> _DATA_
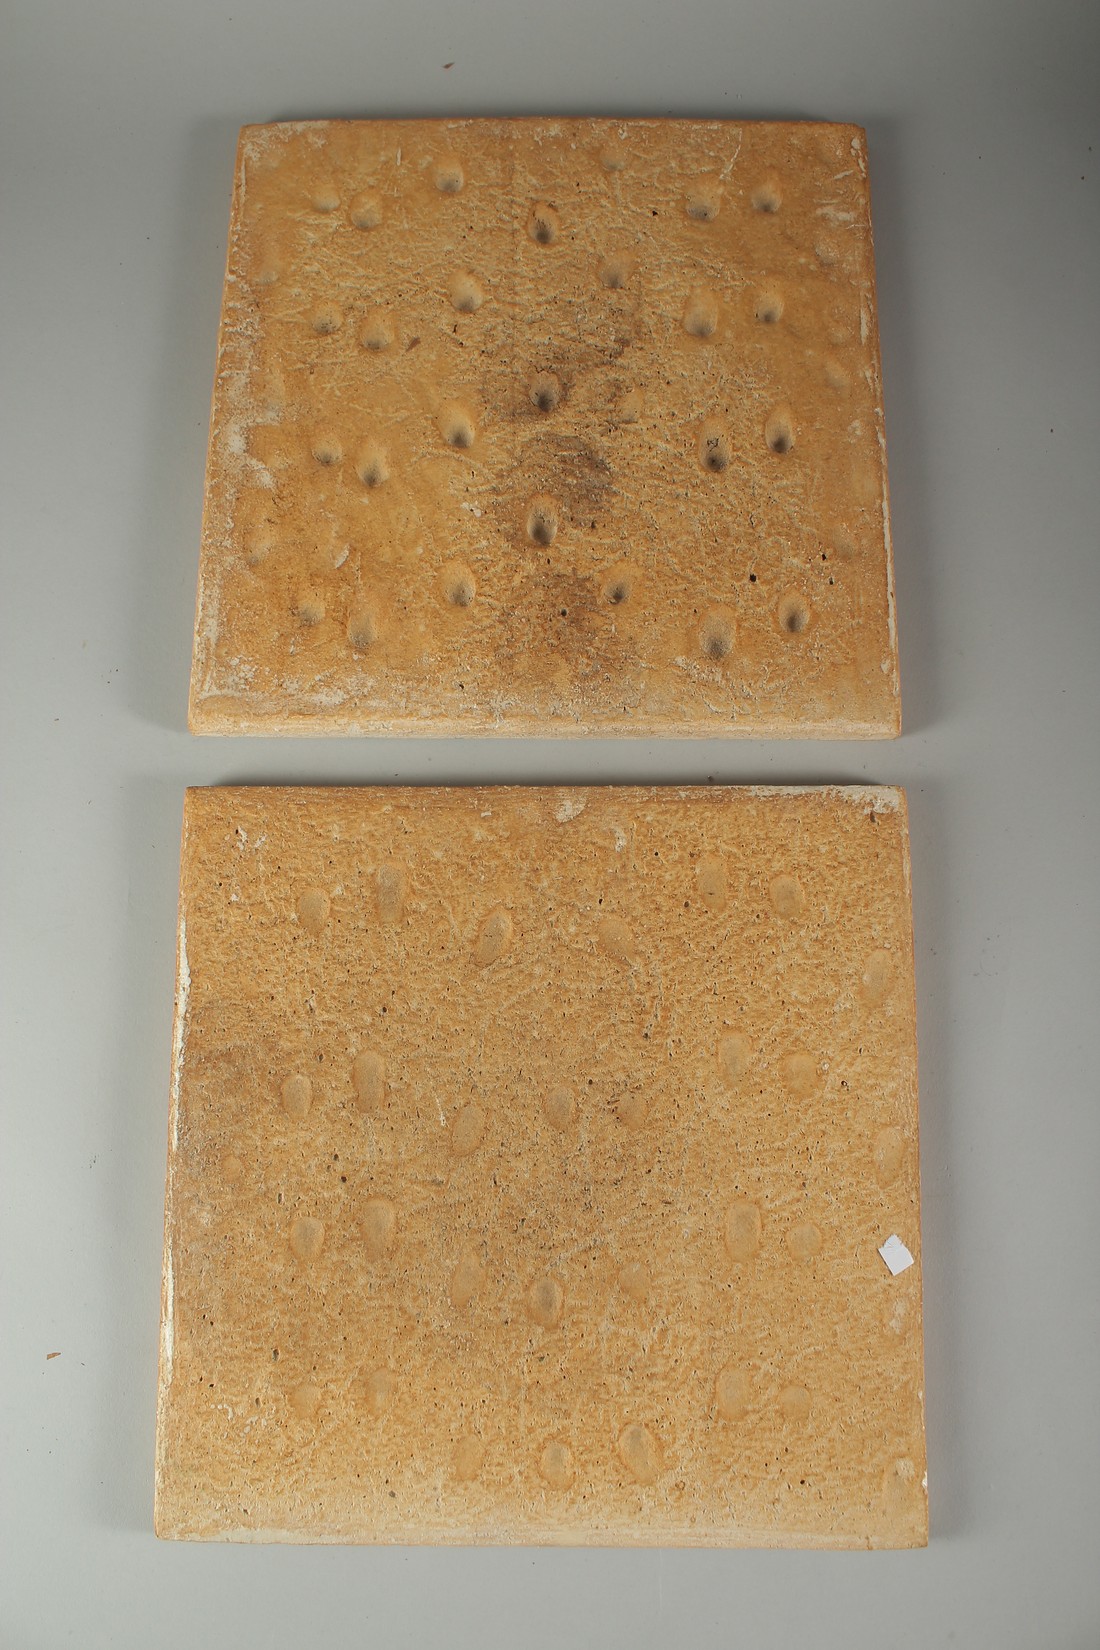 A TWO-PIECE OTTOMAN TURKISH IZNIK POTTERY TILE DEPICTING MECCA, each tile 30cm square, (2). - Image 2 of 2
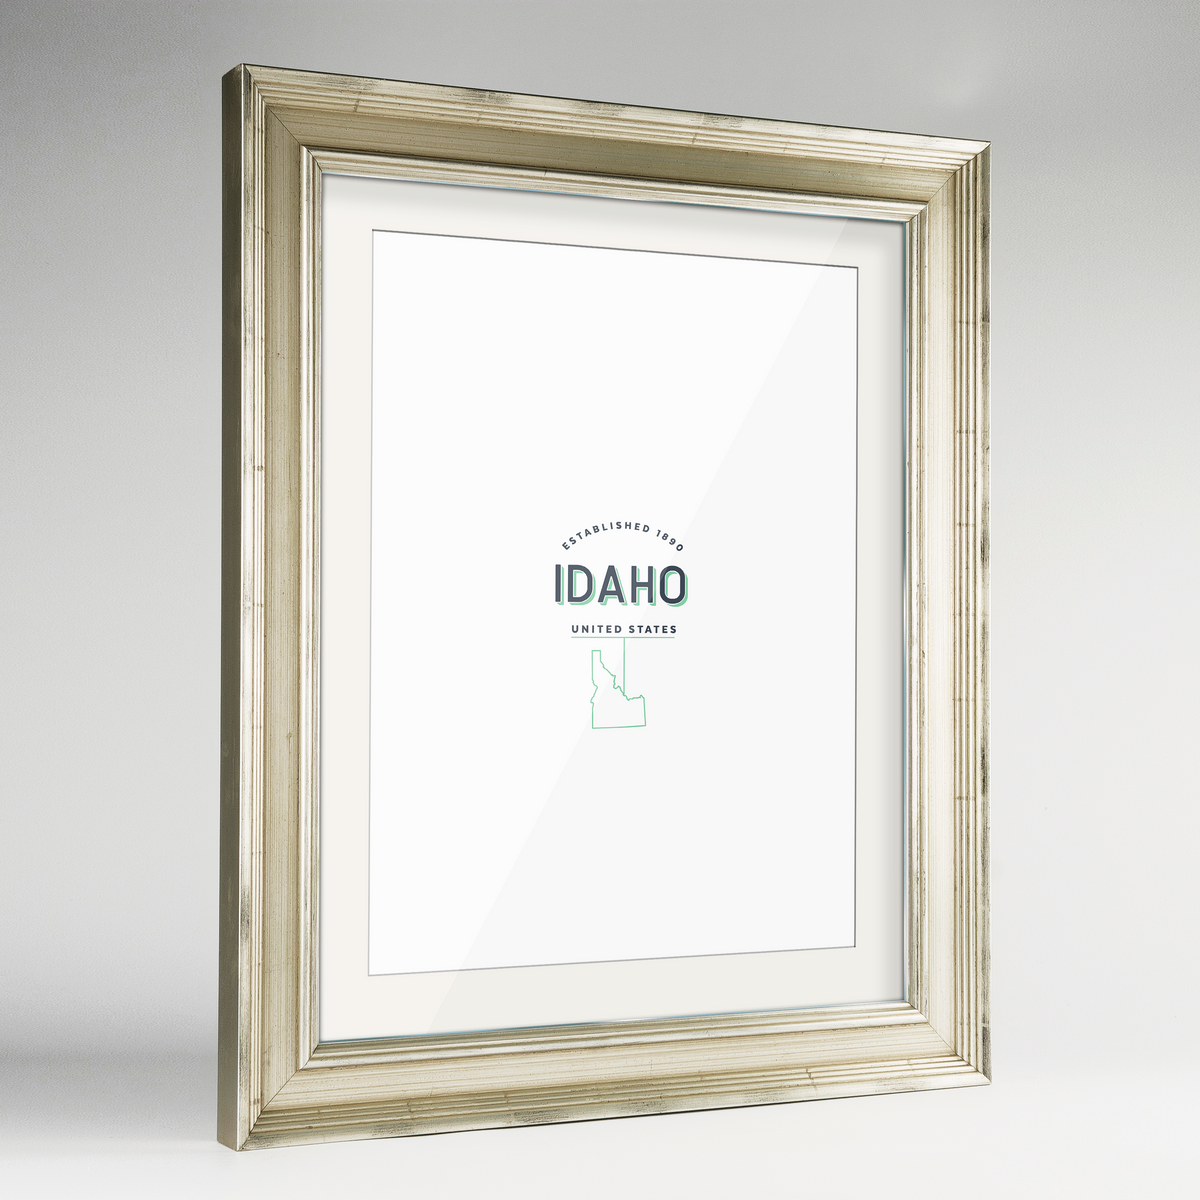 Idaho Word Art Frame Print - State Line
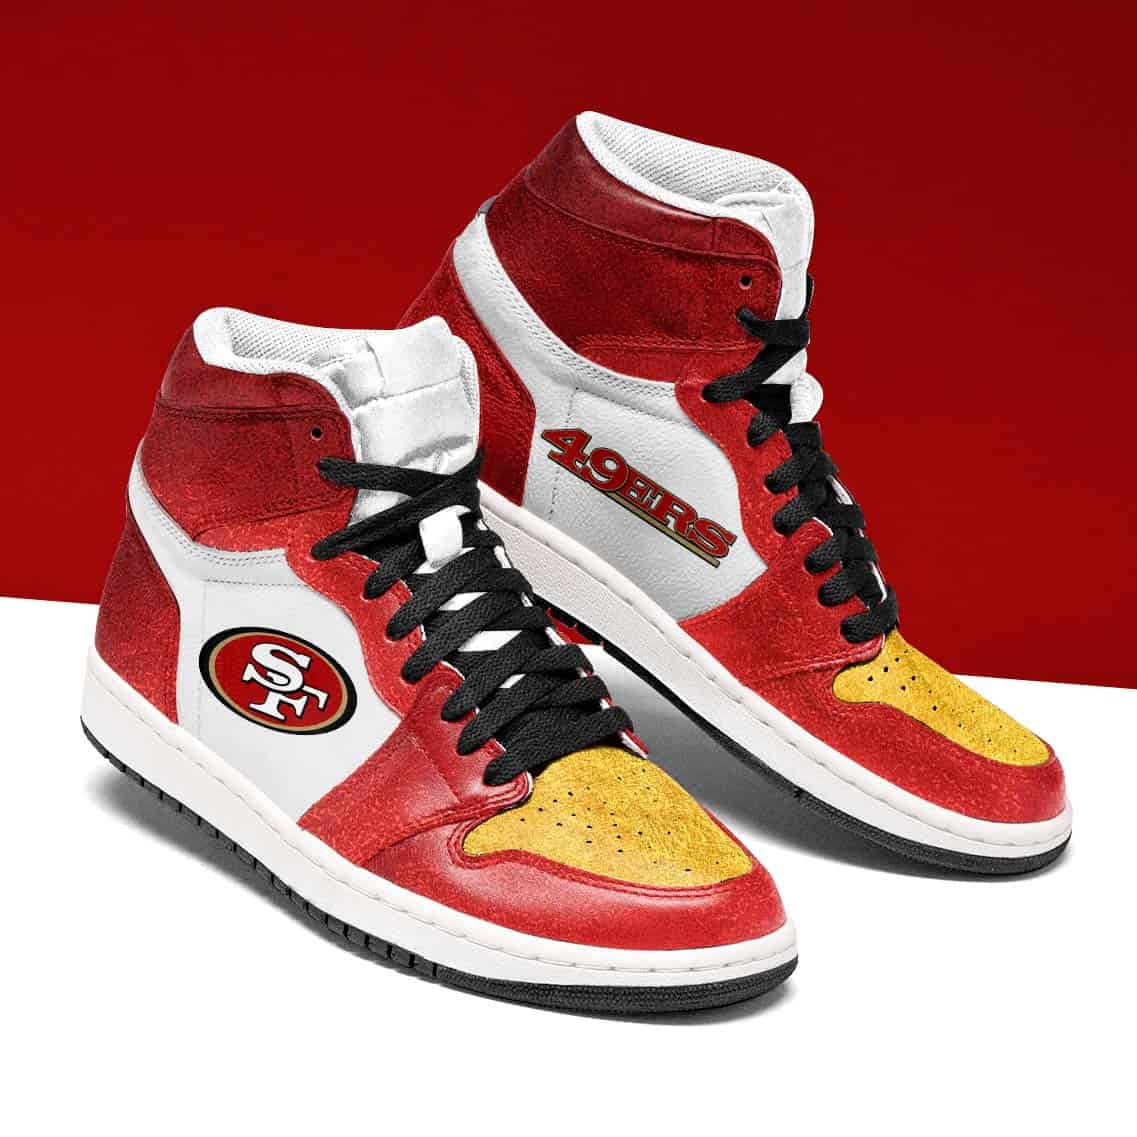 49ers jordan shoes

> _WHAT YOU ARE ASKED TO DO_
Skip the images and write out the rest of the listing exactly.

> _EXERCISE RESULT_
 A TWO-PIECE OTTOMAN TURKISH IZNIK POTTERY TILE DEPICTING MECCA, each tile 30cm square, (2). - Image 2 of 2
 Idaho Word Art Frame Print - State Line
 49ers jordan shoes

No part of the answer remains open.